How many lines in this data contain the string "Blend"? Reply with the number only.

§ **Entries taken from a collection**:
══════
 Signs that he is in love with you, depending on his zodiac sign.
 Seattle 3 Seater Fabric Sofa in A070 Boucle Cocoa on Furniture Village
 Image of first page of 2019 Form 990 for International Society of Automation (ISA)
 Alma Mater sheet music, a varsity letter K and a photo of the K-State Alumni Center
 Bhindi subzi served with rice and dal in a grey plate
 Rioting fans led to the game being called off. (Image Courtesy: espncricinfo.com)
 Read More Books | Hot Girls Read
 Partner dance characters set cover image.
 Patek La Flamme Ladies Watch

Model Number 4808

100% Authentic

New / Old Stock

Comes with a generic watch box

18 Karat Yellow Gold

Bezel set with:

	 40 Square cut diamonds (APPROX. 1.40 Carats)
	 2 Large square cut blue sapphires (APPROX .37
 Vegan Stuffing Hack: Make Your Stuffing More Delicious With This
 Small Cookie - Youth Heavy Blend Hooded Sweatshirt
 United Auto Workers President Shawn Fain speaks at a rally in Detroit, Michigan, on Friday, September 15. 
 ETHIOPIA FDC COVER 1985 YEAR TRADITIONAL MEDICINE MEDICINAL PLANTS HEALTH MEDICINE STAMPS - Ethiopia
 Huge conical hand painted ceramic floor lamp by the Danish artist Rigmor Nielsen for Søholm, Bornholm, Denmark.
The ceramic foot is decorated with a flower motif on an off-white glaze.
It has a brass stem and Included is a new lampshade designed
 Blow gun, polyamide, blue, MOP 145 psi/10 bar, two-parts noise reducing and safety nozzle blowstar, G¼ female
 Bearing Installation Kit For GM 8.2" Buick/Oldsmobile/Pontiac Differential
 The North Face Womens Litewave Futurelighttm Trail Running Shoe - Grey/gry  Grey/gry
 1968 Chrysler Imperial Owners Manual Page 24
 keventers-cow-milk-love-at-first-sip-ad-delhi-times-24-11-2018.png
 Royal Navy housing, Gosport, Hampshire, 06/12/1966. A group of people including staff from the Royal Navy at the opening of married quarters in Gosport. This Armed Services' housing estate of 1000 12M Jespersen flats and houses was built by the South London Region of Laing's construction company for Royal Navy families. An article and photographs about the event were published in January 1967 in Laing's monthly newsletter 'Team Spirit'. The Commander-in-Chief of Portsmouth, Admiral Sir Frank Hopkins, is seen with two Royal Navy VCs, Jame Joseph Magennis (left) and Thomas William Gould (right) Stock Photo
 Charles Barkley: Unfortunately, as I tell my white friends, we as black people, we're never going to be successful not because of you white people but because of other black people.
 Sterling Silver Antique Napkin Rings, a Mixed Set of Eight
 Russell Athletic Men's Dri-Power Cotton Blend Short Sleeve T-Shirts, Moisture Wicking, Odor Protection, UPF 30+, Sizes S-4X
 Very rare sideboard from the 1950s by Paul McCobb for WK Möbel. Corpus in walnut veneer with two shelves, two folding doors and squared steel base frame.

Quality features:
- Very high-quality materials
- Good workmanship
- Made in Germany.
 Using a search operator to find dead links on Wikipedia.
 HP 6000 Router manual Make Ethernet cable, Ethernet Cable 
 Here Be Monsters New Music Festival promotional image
══════
§ **SOLUTION TO THE EXERCISE**: 2